Latinx Environmentalisms: Place, Justice, and the Decolonial

Current price: $39.95
Publication Date: November 1st, 2019
Publisher:
Temple University Press
ISBN:
9781439916674
Pages:
366
Usually Ships in 1 to 10 Days

Description

The whiteness of mainstream environmentalism often fails to account for the richness and variety of Latinx environmental thought. Building on insights of environmental justice scholarship as well as critical race and ethnic studies, the editors and contributors to Latinx Environmentalisms map the ways Latinx cultural texts integrate environmental concerns with questions of social and political justice. 

Original interviews with creative writers, including Cherríe Moraga, Helena María Viramontes, and Héctor Tobar, as well as new essays by noted scholars of Latinx literature and culture, show how Latinx authors and cultural producers express environmental concerns in their work.
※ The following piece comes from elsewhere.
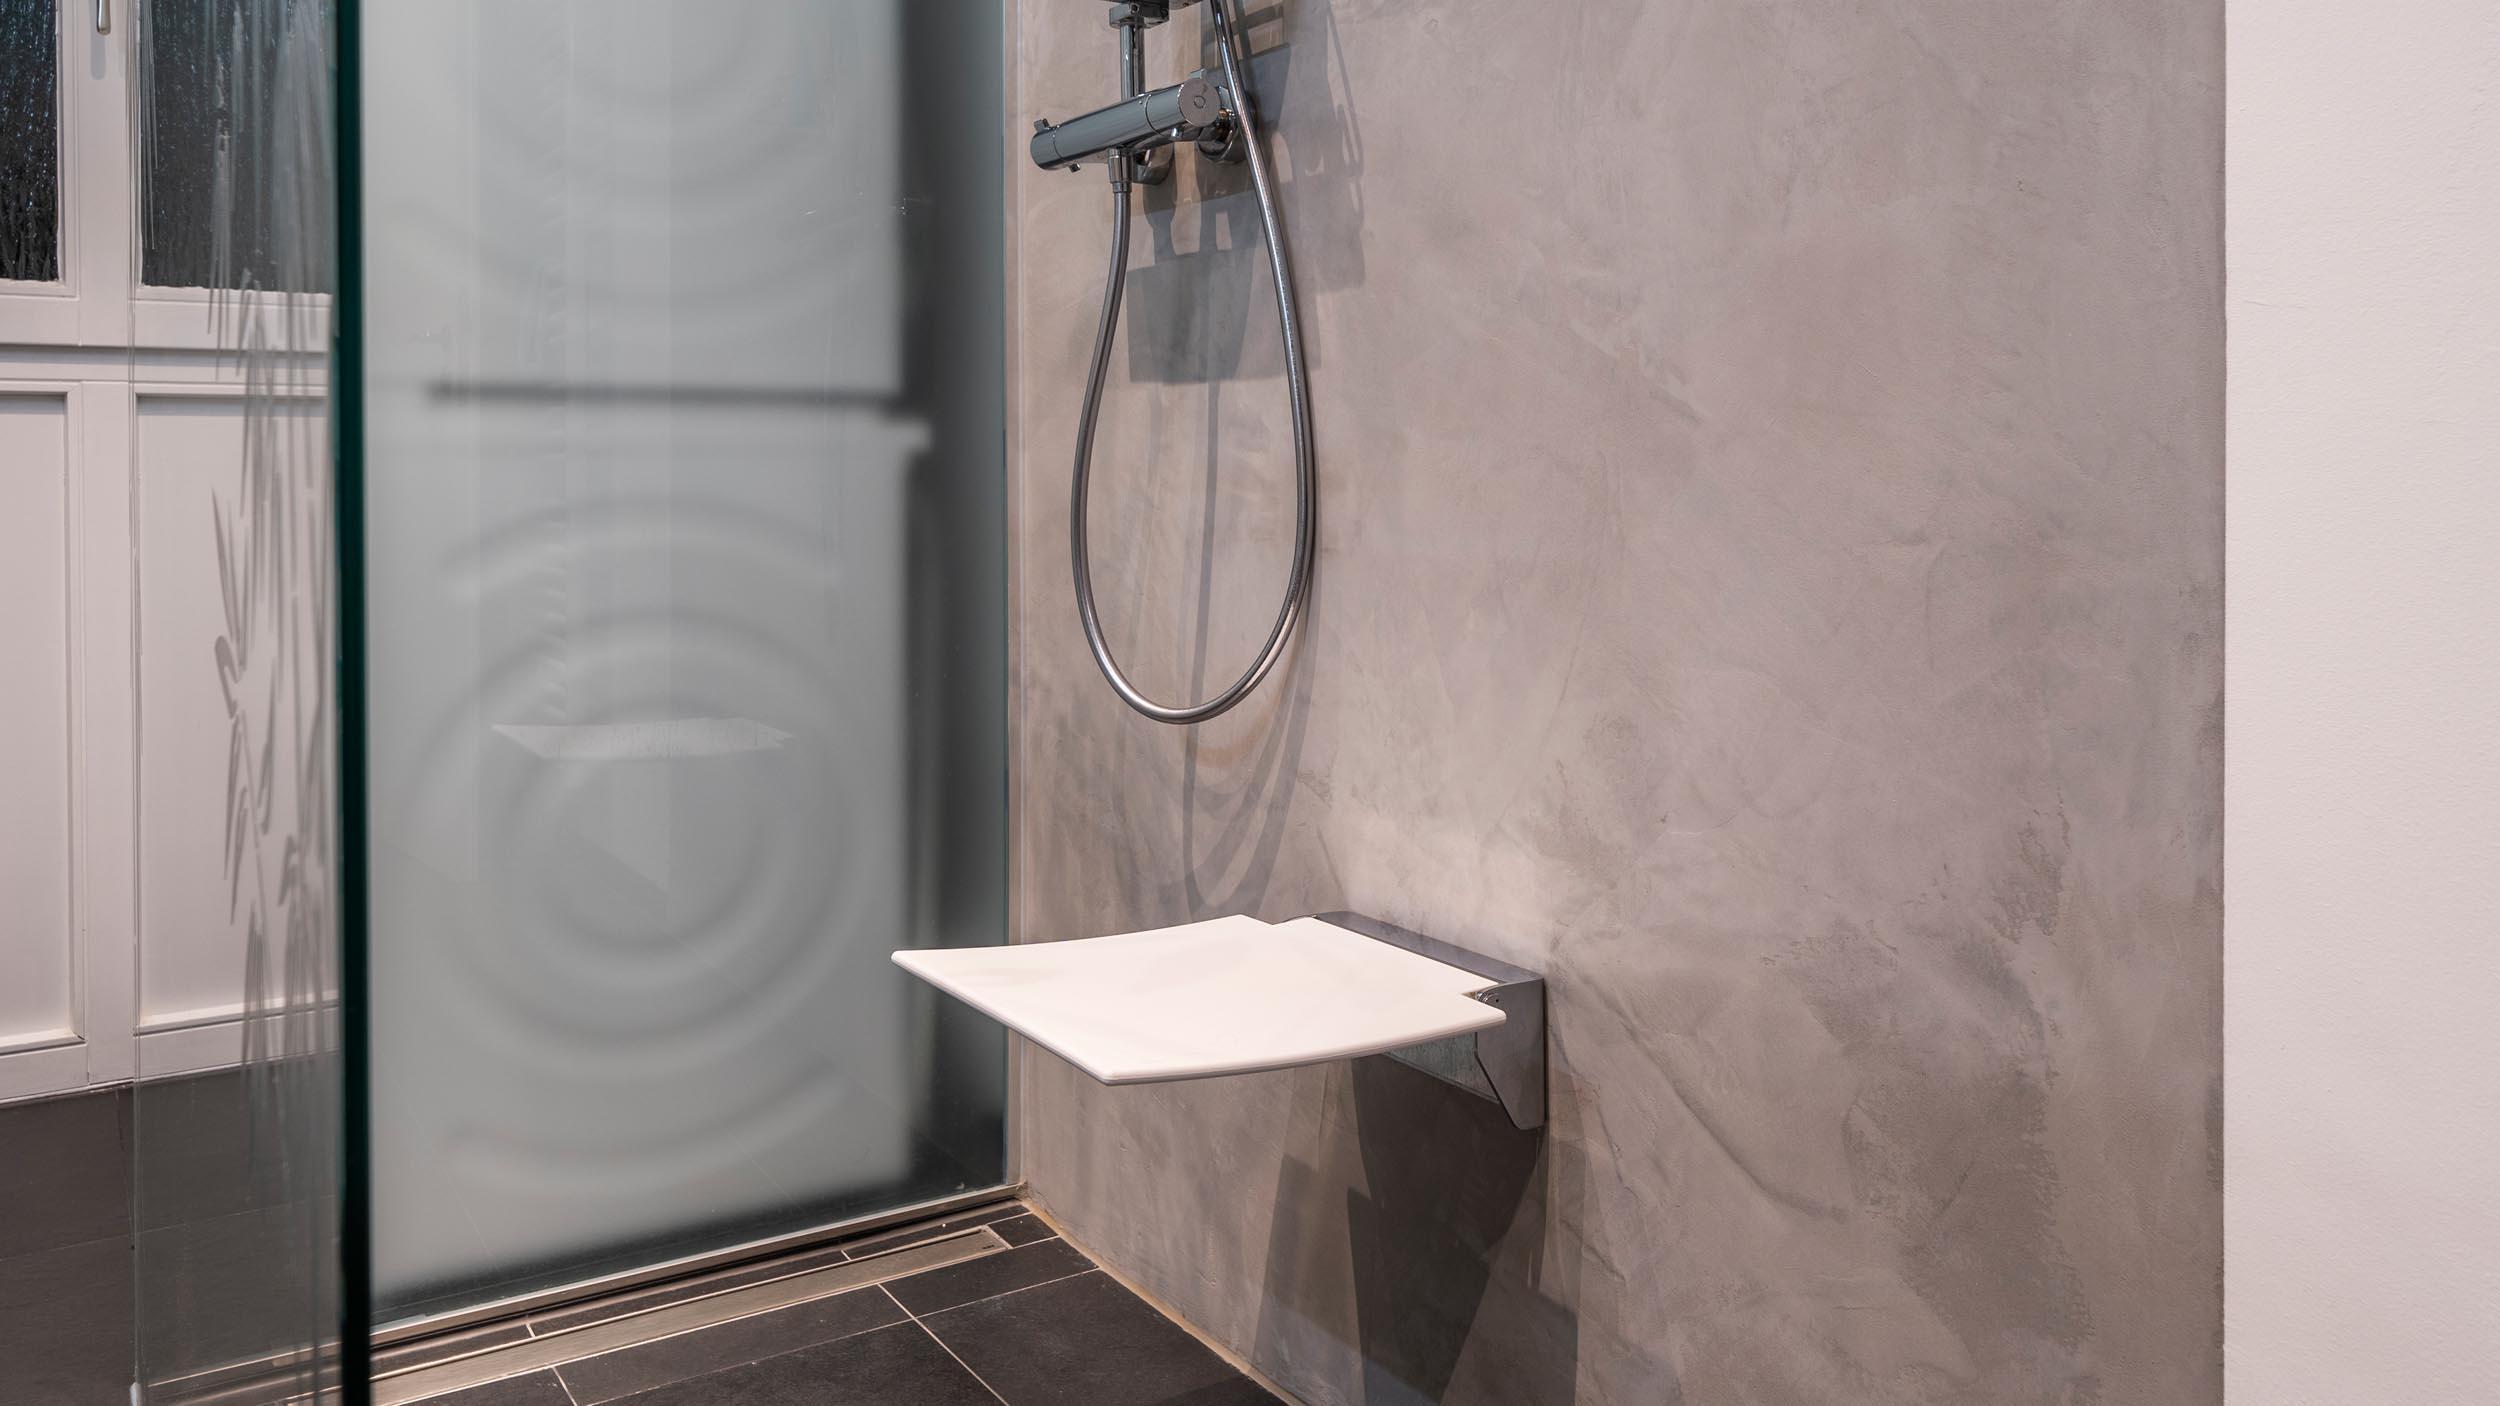 Duschsitz klappbar in der Dusche

These chapters, which focus on film, visual art, and literature—and engage in fields such as disability studies, animal studies, and queer studies—emphasize the role of racial capitalism in shaping human relationships to the more-than-human world and reveal a vibrant tradition of Latinx decolonial environmentalism.

Latinx Environmentalisms accounts for the ways Latinx cultures are environmental, but often do not assume the mantle of “environmentalism.”

About the Author

Sarah D. Wald is an Associate Professor of Environmental Studies and English at University of Oregon and author of The Nature of California: Race, Citizenship, and Farming since the Dust Bowl.   David J. Vázquez is an Associate Professor of English at the University of Oregon and author of Triangulations: Narrative Strategies for Navigating Latino Identity.  Priscilla Solis Ybarra is an Associate Professor in the Department of English at the University of North Texas and author of Writing the Goodlife: Mexican American Literature and the Environment.  Sarah Jaquette Ray is an Associate Professor and Program Leader of Environmental Studies at Humboldt State University and author of The Ecological Other: Environmental Exclusion in American Culture.